Em Itapetininga, ela alerta, esta situação parece ainda mais intensa com um acolhimento péssimo às mães atípicas, que sofrem com a invisibilidade em diversos lugares. “Nunca me senti vista em nenhum órgão municipal, apenas em grupos criados por mães na mesma situação e na Apae”, afirma. Segundo Patrícia, o município precisa mudar muito ainda, pois falta acesso a terapia, cuidado especializado e outras oportunidades para trabalhar a identidade e o reencontro dessas mulheres com elas mesmas.
“Sempre é uma luta constante. Infelizmente não se consegue nada nessa cidade sem ter de lutar pelos direitos que eles já têm! É um processo extremamente cansativo e estressante, pois nada funciona na prática aqui, só na teoria”, se indigna.
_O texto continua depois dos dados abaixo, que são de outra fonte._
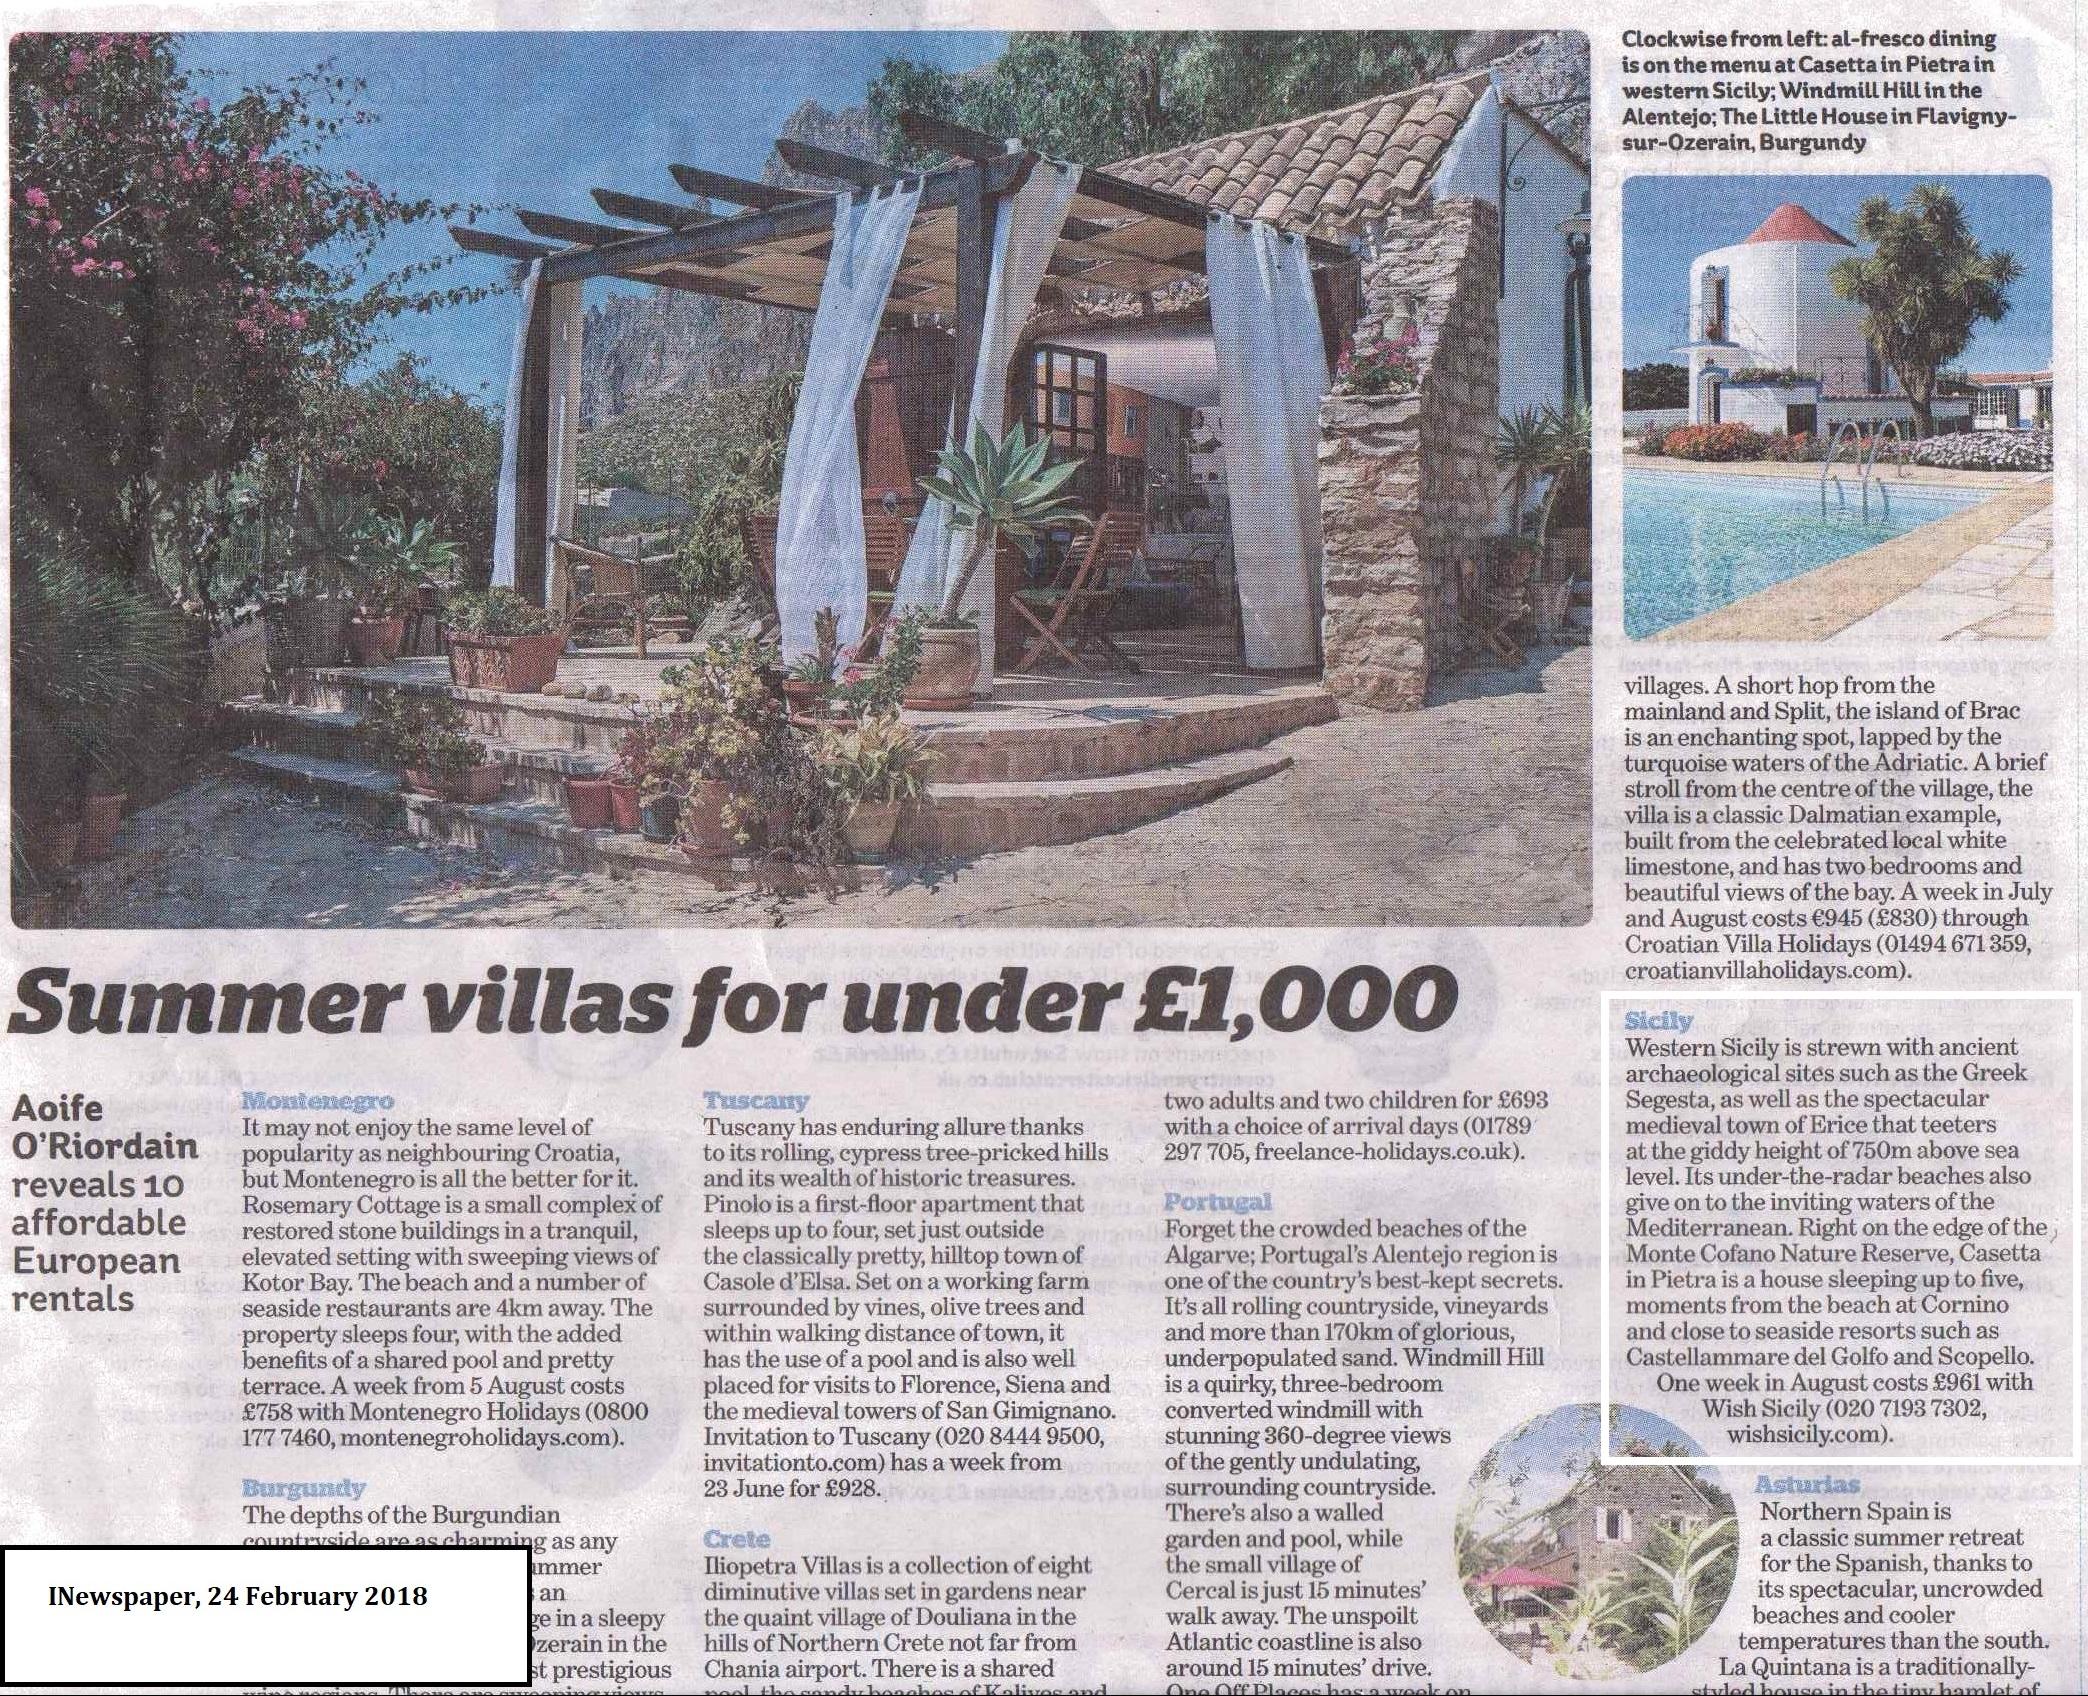 https://inews.co.uk/inews-lifestyle/travel/best-seaside-villas-2017/

Apesar das dificuldades, Patrícia se orgulha de nunca ter desistido e de poder ver diariamente como os seus “pequenos” evoluíram, e continuam evoluindo dia após dia. “Dá uma sensação de que eu estou fazendo o certo, e que mesmo que as pessoas me julguem por colocá-los em muitas atividades, tem dado resultado. Sempre que os médicos e terapeutas os elogiam, enxergam potencial neles para fazerem o que quiserem, é incrível, não tem sensação melhor”.
Como mãe, ela celebra a sua esperança de que um dia as coisas realmente comecem a funcionar em prol do TEA e todas as pessoas que são atingidas, direta ou indiretamente, pelo espectro. “E claro, eu celebro a minha força e coragem por enfrentar tudo o que já passei e que vou continuar passando”, finaliza.